Friday, September 23, 2011

An Interview with...Amanda Lilley

Pattern available here

Once a week I post  interviews with interesting designers about their insights on their experience of working in the Knitting industry.  I’ve noticed that every designer makes their living in a slightly different manner bringing their own unique presence to the Knitting world.  

You can find Amanda here.

Where do you find inspiration?
I find inspiration almost anywhere and everywhere. Often times I can work a whole project around a set of buttons and sometimes a certain yarn will just jump out at me. If I really like the color and texture of a yarn it’s never too long before I dream up a design.

Pattern available here

What is your favorite knitting technique?

I go through phases. I enjoy knitting lace when I have quiet uninterrupted time; I also enjoy stranded color work.

How did you determine your size range?
I design by the Yarn counsel standards. When I design for women my sizes usually range from 28” to 48” chest.

Pattern available here

Do you look at other designers’ work or are you afraid that you will be influenced by their designs?
I do like to look at other designers work and I am often challenged and inspired by it. I also like to see the unique spin other designers add to their personal designs. To some degree we as designers are always recycling old ideas so I’m not overly afraid of being influenced.

Pattern available here
How do you feel about the so called controversy of “dumbing down” patterns for knitters?
Knitting has changed so much over time, what is now considered advanced was once the norm. I used to have a wonderful old black and white photograph hung on my wall showing a group of small children knitting socks for their family. It always made me smile as for them it was less of a science and more of a natural art. With that in
mind it sometimes seems a little silly that designers must include directions like “slip marker”. On the flip side, I have been teaching knitting for some time and I still get joy from seeing a beginner knitter suddenly “get it”. If explaining in depth will encourage a beginning knitter to stick with it I am happy to write detailed patterns.

How many sample/test knitters do you have working for you or do you do it all yourself?
Occasionally I will use a test knitter but most of the time I do my own test knitting. Often times it is in the test knitting that I discover how to improve a pattern and work out any quirks.
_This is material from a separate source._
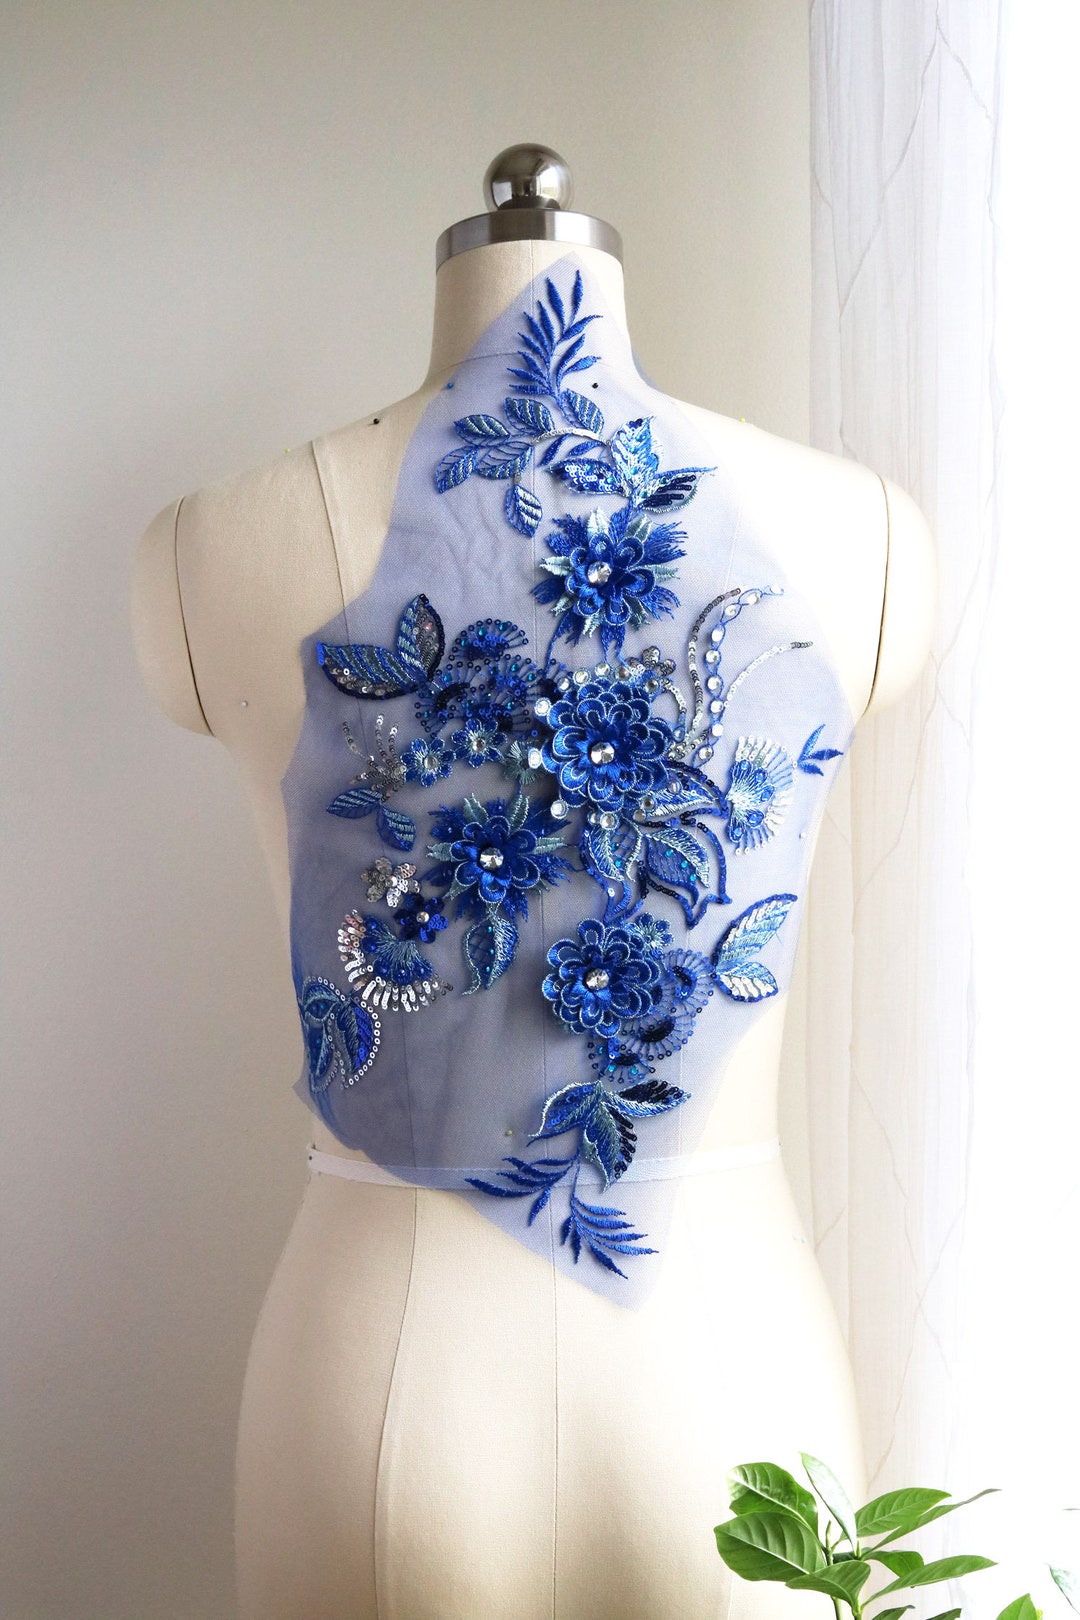 Large Crystal Lace Applique Royal Blue 3D Flower Lace - Etsy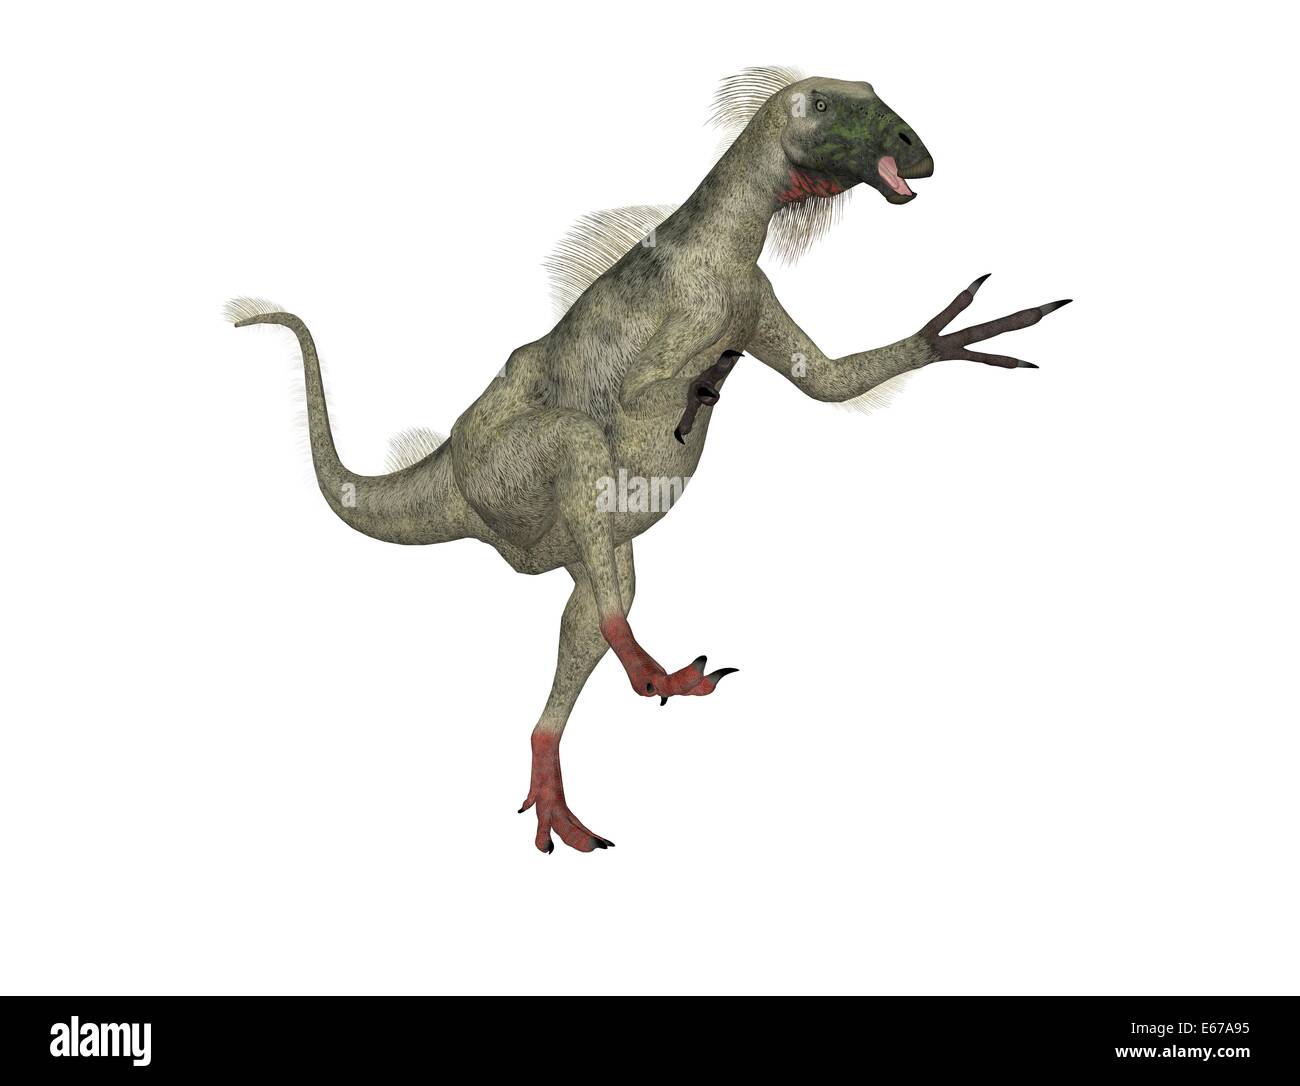 Dinosaurier Beipiaosaurus / dinosaur Beipiaosaurus Stock Photo

Did you do a formal business plan?
No I did not, sometimes I think I should have one and other times I think it’s not always easy to put creativity in a box.

Do you have a mentor?
I have been mentored through many wonderful books from all of the great knitters that have gone before me. I have learned the most from Barbara Walker, Mary Thomas, Elizabeth Zimmerman, and Jacqueline Fee.

Do you have a business model that you have emulated?
No I don’t but I often wish I did, for me the fun is to design, it’s what I love to do.  I sometimes get a little frustrated when forced to stop the whole process to take care of other things.  I’m sure there has to be an easier way.

What impact has the Internet had on your business?
For me, the Internet has been a lifeline, 90% of my pattern sales are through the Internet. Also when I teach weekend retreats most of the attendees are Internet contacts. I used to own a small brick and mortar shop and find that around the clock Internet sales are far less restricting.

Do you use a Tech Editor?
Yes, I do.

How do you maintain your life/work balance?
I work at home and all too often life and work seems to merge into one, with two small children it’s often easier to work later at night while they sleep.

How do you deal with criticism?
I don’t think it’s possible to please everyone all of the time, so I try not to take anything too personal, mostly my feedback has been positive but I’m always willing to listen to new suggestions.  

How long did it take for you to be able to support yourself?
It’s still a work in progress, and it has taken about 4 years to get to where I have a steady something coming in.  

What advice would you give someone who wants to pursue a career in knitting?
I would encourage anyone that has a love for knitting to pursue a career in it. With every new project you learn something new. Seek advice often and constantly challenge yourself!